DATASET RECORDS:
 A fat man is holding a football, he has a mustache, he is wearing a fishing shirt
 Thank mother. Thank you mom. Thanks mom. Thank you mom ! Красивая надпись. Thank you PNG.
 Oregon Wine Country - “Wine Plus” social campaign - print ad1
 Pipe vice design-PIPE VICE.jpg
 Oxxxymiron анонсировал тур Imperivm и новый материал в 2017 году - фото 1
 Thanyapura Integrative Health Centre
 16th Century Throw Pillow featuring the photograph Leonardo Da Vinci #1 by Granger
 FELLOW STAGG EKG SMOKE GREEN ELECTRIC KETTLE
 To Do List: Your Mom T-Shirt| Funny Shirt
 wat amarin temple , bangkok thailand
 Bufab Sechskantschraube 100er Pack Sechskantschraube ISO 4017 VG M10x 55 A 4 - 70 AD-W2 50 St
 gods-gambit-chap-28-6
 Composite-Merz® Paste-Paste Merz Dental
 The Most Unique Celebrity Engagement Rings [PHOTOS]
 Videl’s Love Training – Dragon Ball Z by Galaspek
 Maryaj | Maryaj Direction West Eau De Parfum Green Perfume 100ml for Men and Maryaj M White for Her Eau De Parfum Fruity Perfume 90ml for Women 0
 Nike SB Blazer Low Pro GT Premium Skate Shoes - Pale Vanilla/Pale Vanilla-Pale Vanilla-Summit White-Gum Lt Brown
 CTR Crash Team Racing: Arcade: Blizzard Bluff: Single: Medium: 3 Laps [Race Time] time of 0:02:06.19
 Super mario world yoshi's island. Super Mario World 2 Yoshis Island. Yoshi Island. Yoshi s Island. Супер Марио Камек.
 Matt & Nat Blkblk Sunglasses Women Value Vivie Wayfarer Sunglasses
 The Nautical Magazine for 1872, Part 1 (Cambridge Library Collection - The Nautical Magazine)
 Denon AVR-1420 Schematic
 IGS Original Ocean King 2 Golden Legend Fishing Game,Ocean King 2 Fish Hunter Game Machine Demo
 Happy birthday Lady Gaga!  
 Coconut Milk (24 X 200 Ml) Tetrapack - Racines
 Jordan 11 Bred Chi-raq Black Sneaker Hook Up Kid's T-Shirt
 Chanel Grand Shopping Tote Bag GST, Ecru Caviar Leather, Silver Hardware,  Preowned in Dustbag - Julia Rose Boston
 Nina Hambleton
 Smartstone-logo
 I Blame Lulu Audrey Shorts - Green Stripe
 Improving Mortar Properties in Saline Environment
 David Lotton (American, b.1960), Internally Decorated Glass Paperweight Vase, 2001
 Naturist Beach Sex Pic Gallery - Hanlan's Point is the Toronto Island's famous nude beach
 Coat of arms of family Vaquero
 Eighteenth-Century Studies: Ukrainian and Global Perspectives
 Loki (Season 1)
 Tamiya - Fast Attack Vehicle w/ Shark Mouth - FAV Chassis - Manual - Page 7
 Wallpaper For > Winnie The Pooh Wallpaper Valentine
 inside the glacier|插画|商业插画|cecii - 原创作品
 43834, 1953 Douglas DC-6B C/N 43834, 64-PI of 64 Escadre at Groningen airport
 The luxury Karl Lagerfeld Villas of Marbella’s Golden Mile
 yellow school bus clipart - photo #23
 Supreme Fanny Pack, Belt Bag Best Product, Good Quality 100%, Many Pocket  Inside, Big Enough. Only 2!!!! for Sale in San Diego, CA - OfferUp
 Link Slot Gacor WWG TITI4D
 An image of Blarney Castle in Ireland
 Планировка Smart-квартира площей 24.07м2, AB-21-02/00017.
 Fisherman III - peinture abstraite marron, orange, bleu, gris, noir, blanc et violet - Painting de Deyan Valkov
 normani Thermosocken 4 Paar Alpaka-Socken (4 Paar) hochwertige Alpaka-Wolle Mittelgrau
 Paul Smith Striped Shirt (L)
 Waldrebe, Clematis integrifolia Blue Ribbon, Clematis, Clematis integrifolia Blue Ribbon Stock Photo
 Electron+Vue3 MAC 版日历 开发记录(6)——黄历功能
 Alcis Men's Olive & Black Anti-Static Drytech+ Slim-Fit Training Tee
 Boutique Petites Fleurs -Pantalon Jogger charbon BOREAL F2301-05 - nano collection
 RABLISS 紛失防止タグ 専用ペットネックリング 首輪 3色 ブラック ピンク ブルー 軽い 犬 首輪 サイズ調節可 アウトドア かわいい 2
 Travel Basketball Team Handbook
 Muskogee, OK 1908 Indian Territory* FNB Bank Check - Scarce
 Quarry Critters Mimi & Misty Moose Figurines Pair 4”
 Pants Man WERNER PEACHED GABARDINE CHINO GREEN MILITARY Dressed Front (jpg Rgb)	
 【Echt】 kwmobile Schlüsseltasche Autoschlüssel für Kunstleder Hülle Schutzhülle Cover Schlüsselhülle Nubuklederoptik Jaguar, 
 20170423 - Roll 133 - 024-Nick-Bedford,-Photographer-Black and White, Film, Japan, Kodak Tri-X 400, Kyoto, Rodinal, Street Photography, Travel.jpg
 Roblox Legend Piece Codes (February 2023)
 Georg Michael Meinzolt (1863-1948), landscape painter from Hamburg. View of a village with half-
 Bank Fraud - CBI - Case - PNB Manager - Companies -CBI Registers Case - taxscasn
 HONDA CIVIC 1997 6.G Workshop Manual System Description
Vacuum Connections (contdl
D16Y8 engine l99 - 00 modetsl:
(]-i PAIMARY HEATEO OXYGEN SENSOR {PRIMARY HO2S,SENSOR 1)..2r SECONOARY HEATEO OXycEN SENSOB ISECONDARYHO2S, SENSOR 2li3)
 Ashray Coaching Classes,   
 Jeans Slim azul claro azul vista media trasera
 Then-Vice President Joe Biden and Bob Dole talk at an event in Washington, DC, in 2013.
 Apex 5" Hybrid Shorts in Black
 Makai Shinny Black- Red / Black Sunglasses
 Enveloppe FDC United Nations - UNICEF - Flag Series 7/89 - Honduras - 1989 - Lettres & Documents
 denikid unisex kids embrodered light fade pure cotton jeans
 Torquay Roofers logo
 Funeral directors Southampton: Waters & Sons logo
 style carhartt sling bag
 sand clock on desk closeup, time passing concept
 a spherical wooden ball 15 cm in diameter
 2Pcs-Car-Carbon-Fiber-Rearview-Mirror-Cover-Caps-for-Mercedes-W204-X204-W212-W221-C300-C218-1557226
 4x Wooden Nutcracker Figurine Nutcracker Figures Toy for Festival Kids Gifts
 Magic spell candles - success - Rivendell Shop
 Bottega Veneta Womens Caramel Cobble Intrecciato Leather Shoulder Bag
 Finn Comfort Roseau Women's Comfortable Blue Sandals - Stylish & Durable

GOAL OF THE EXERCISE: Extract, please, the lines from the start of the entries above through the one with "Maryaj | Maryaj", both included, reproducing each exactly and adding nothing.

OUTPUT FOR THIS TASK:
 A fat man is holding a football, he has a mustache, he is wearing a fishing shirt
 Thank mother. Thank you mom. Thanks mom. Thank you mom ! Красивая надпись. Thank you PNG.
 Oregon Wine Country - “Wine Plus” social campaign - print ad1
 Pipe vice design-PIPE VICE.jpg
 Oxxxymiron анонсировал тур Imperivm и новый материал в 2017 году - фото 1
 Thanyapura Integrative Health Centre
 16th Century Throw Pillow featuring the photograph Leonardo Da Vinci #1 by Granger
 FELLOW STAGG EKG SMOKE GREEN ELECTRIC KETTLE
 To Do List: Your Mom T-Shirt| Funny Shirt
 wat amarin temple , bangkok thailand
 Bufab Sechskantschraube 100er Pack Sechskantschraube ISO 4017 VG M10x 55 A 4 - 70 AD-W2 50 St
 gods-gambit-chap-28-6
 Composite-Merz® Paste-Paste Merz Dental
 The Most Unique Celebrity Engagement Rings [PHOTOS]
 Videl’s Love Training – Dragon Ball Z by Galaspek
 Maryaj | Maryaj Direction West Eau De Parfum Green Perfume 100ml for Men and Maryaj M White for Her Eau De Parfum Fruity Perfume 90ml for Women 0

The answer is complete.